=== EXERCISE AIM ===
Please give back word for word the lines of the material below between the line containing "1967 Chevrolet- Music" and the line containing "A.J. Conrad holds", inclusive.

=== AVAILABLE DATA ===
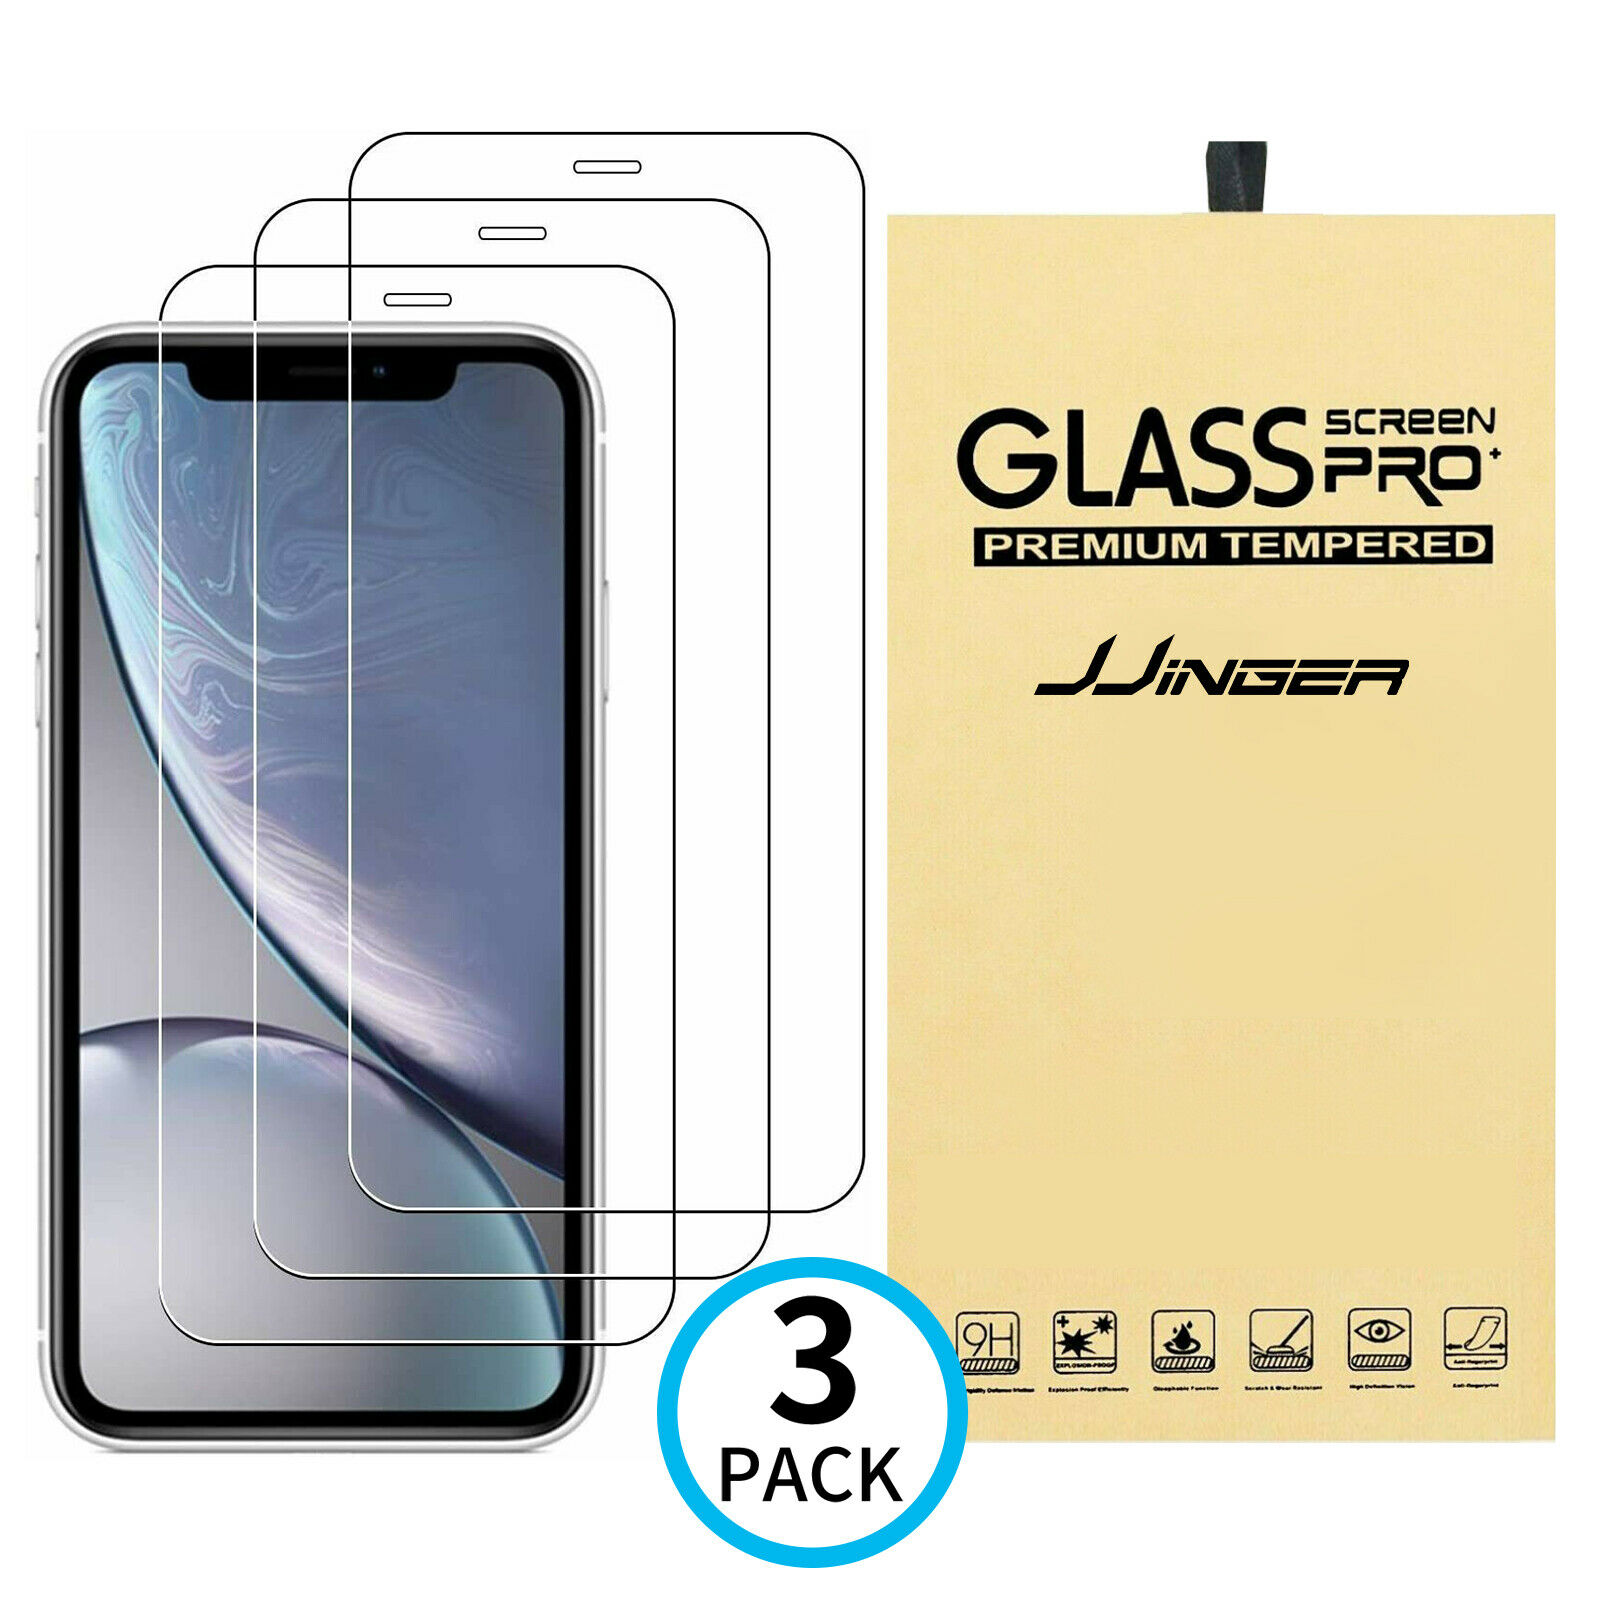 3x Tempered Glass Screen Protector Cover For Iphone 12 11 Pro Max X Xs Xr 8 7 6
==
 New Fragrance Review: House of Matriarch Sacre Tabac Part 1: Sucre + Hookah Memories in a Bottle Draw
--
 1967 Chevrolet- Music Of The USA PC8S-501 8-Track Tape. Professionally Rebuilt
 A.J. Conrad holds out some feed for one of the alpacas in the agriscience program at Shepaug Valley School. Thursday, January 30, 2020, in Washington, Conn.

=== ANSWER TO THE PROBLEM ===
 1967 Chevrolet- Music Of The USA PC8S-501 8-Track Tape. Professionally Rebuilt
 A.J. Conrad holds out some feed for one of the alpacas in the agriscience program at Shepaug Valley School. Thursday, January 30, 2020, in Washington, Conn.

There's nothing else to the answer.